From both geometric indices and physician feedback, we conclude that edits predominantly occurred to the CTV contour. This is consistent with prior studies examining autosegmentation accuracy [18], and is likely in part reflective of the critical importance of accurate CTV delineation in the context of prostate SBRT. Furthermore, aggregated edits correspond to physician comments highlighting specifically the prostate apex and seminal vesicles, which are areas previously demonstrated to generate high inter-observer contouring variation [4]. Importantly, limited edits were needed at the prostate-rectum interface, which is often considered at highest risk for contributing to radiation toxicity, and of increasing concern with hypofractionated radiation [33]. This may be a result of using a spacer as standard of care for patients included in this study.
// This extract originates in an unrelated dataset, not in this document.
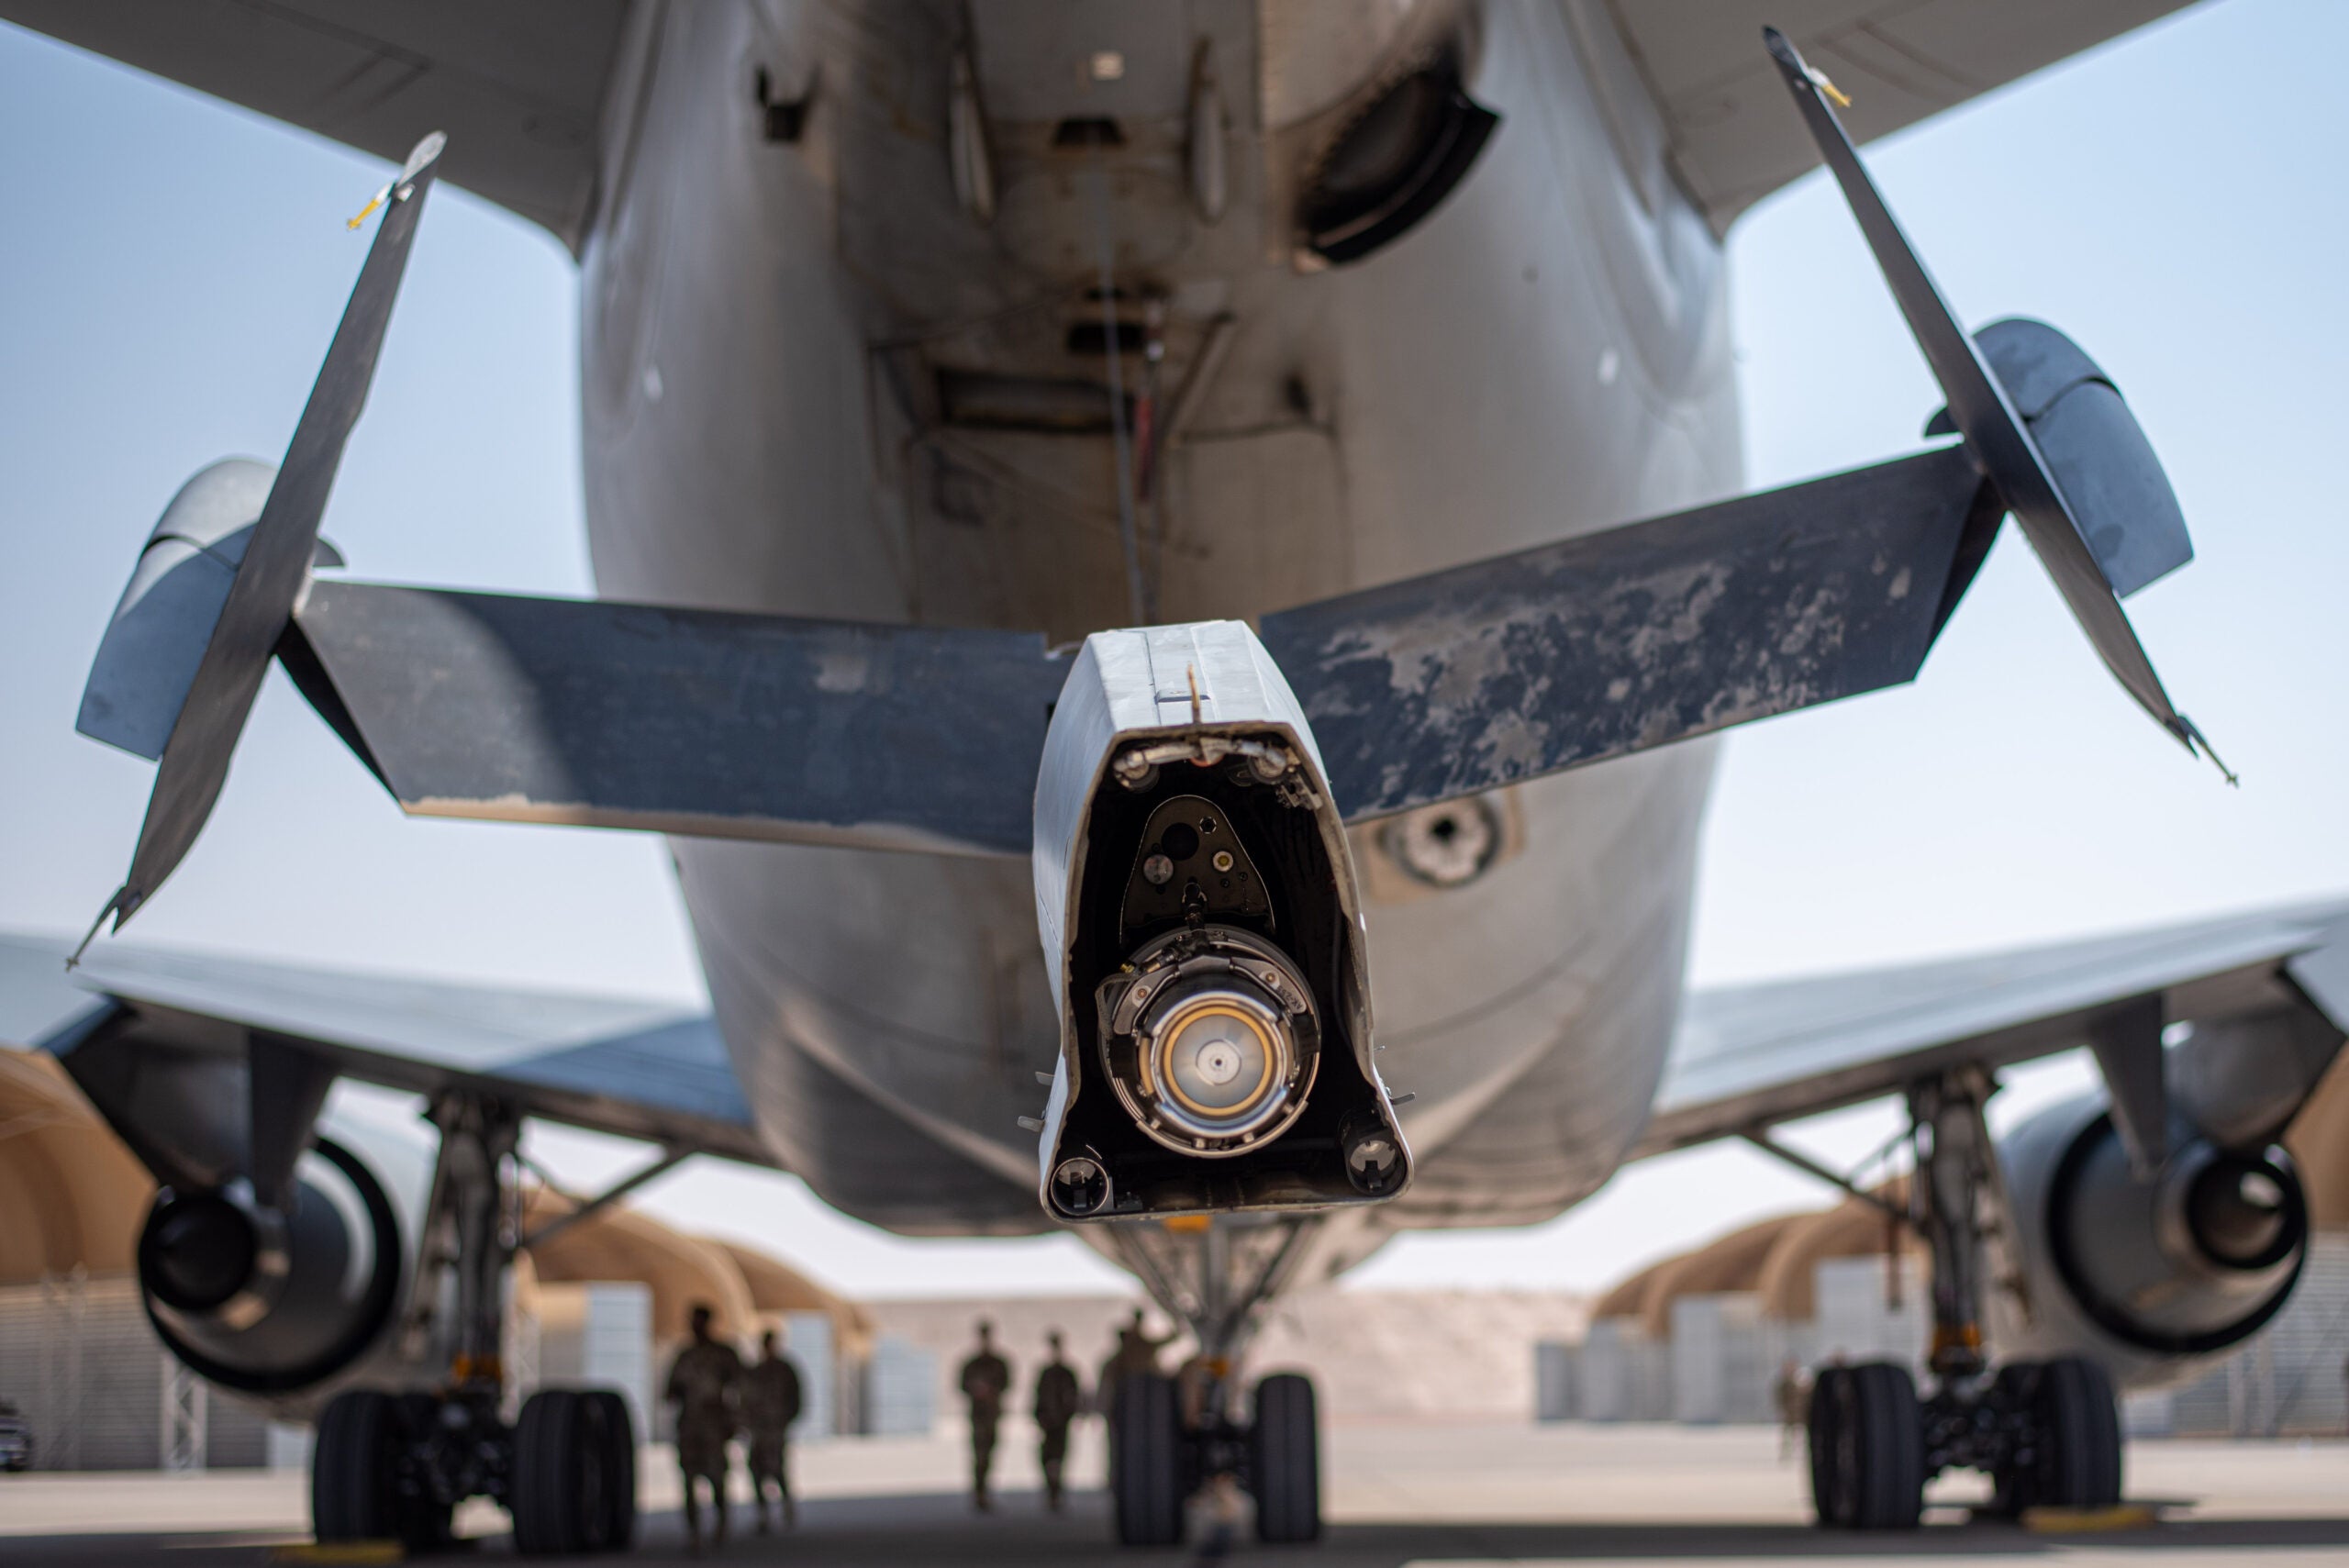 The boom of a KC-10 Extender sits on display after an inactivation ceremony for the 908th Expeditionary Air Refueling Squadron at Prince Sultan Air Base, Kingdom of Saudi Arabia, Oct. 4, 2023. The ceremony highlighted the legacy of the KC-10 after over 30 years of service within the U.S. Air Forces Central (AFCENT) Area of Responsibility. By September 2024, the U.S. Air Force's fleet of KC-10s will be decommissioned and gradually replaced by the KC-46 aircraft. (U.S. Air Force photo by Tech. Sgt. Alexander Frank)

This is further supported by higher geometric similarity of initial and final rectal contours in our model compared to that of a recently published MR-based deep learning autosegmentation algorithm for prostate OARs (VDSC 0.97 vs 0.88, respectively) [34]. In combination, these data suggest progress toward clinically useful models for autosegmentation of both OARs and target volumes when using MR-based deep learning techniques.
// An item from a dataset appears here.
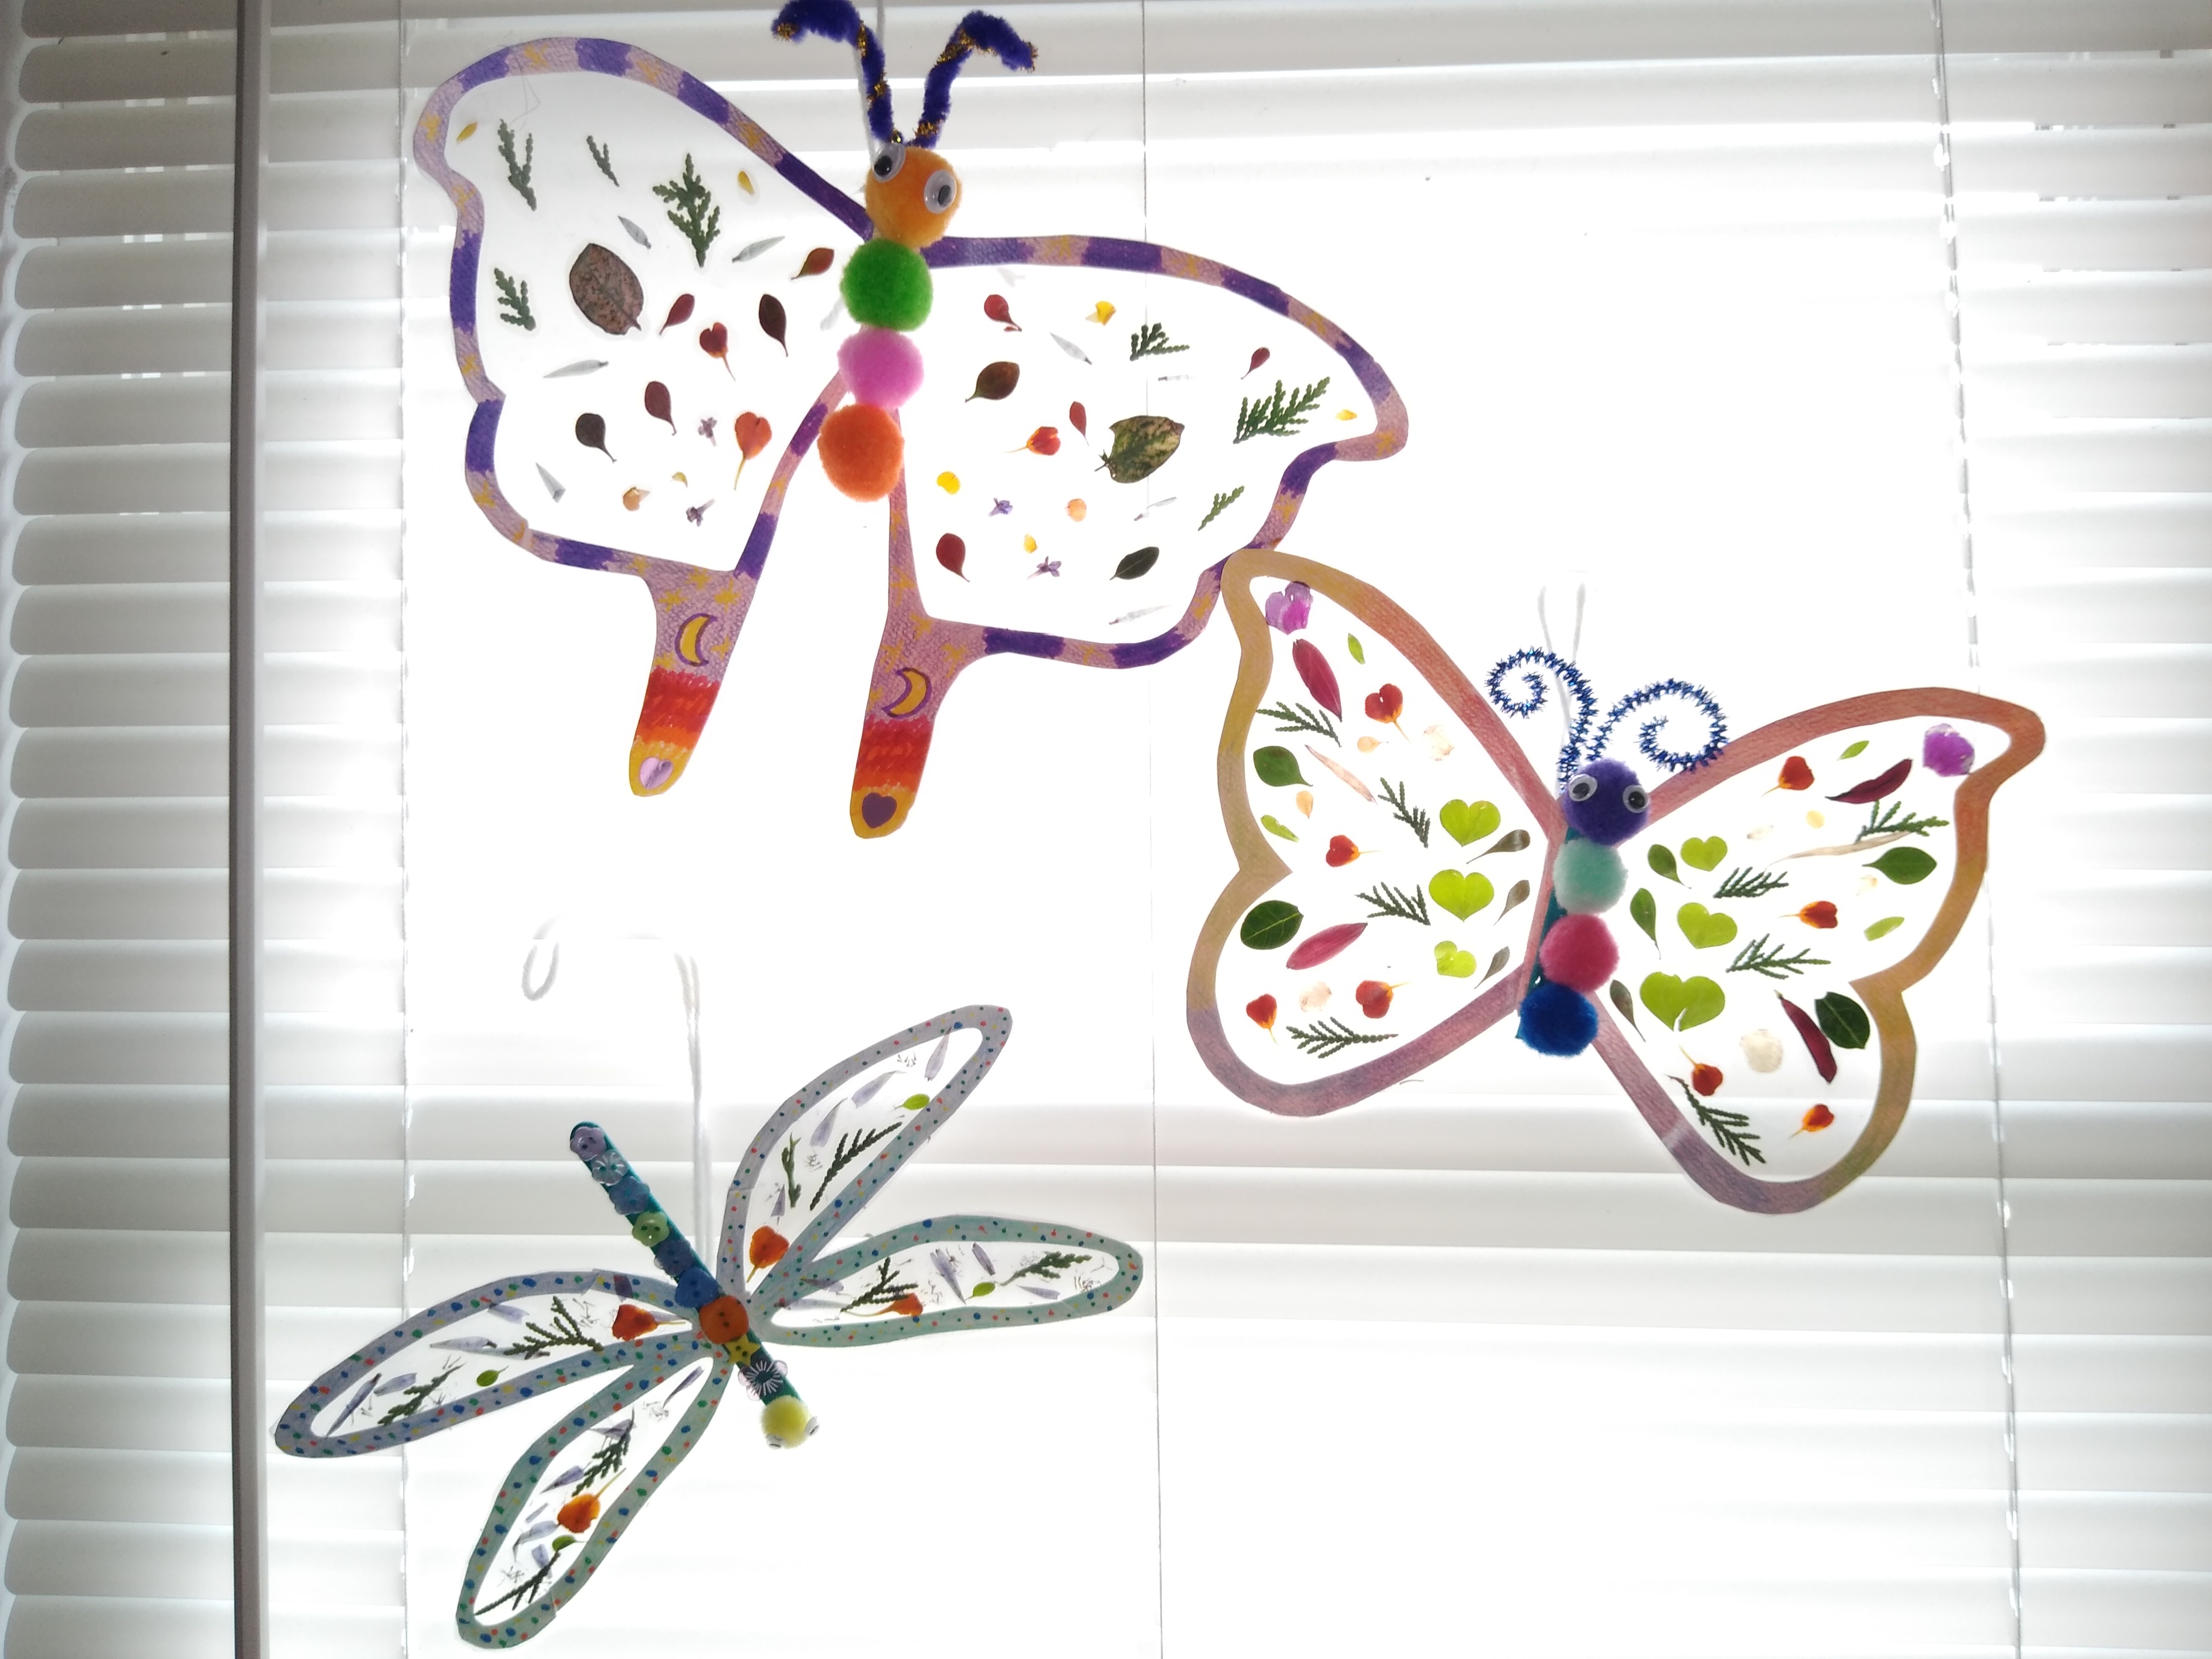 Image for "Insect Suncatcher"

Interestingly, we did not see a reduction in the magnitude of physician contour edits over time, despite prior evidence that secular changes can occur when humans become accustomed to automation through a phenomenon called automation bias, which can have both positive (reducing inter-observer variation) and negative consequences (regressing to a potentially faulty standard) [22].

Immediately following the study period, we sought to further improve the model by integrating the final edited contours (primarily CTV), and were surprised to find minimal improvement in model performance. This appears to reflect the challenge created by inter-observer variability. We hypothesize that model improvement will require active engagement from physicians to generate consensus and concerted educational efforts to limit clinically insignificant edits. Meanwhile, our physicists and computer scientists can refine irregularities, focus on performance in areas identified by the heatmap to have greatest difference between initial and final contours, and generate dashboards to support rapid review and feedback for physicians (Fig. A.3 in Appendix A). Despite current algorithm limitations, no physicians requested a return to prior manual-only methods.

Finally, this study aimed to determine the utility of quantitative metrics (VDSC, SDSC and APL) in assessing deep learning algorithms in clinical practice. VDSC and APL correlated with physician reported time savings, although weakly [35]. APL does appear to provide more relevant and complete information than VDSC about contour edits across the patient cohort analyzed, given emphasis on absolute length of edits. Of the OARs, the penile bulb and rectum were less edited than the bladder. Combined with the localization heat map, this allows for a comprehensive understanding of the magnitude and position of potential model deficiencies from which to improve. These conclusions would be difficult to make using VDSC alone, given the relatively similar scores for OARs and perceived high score for CTV.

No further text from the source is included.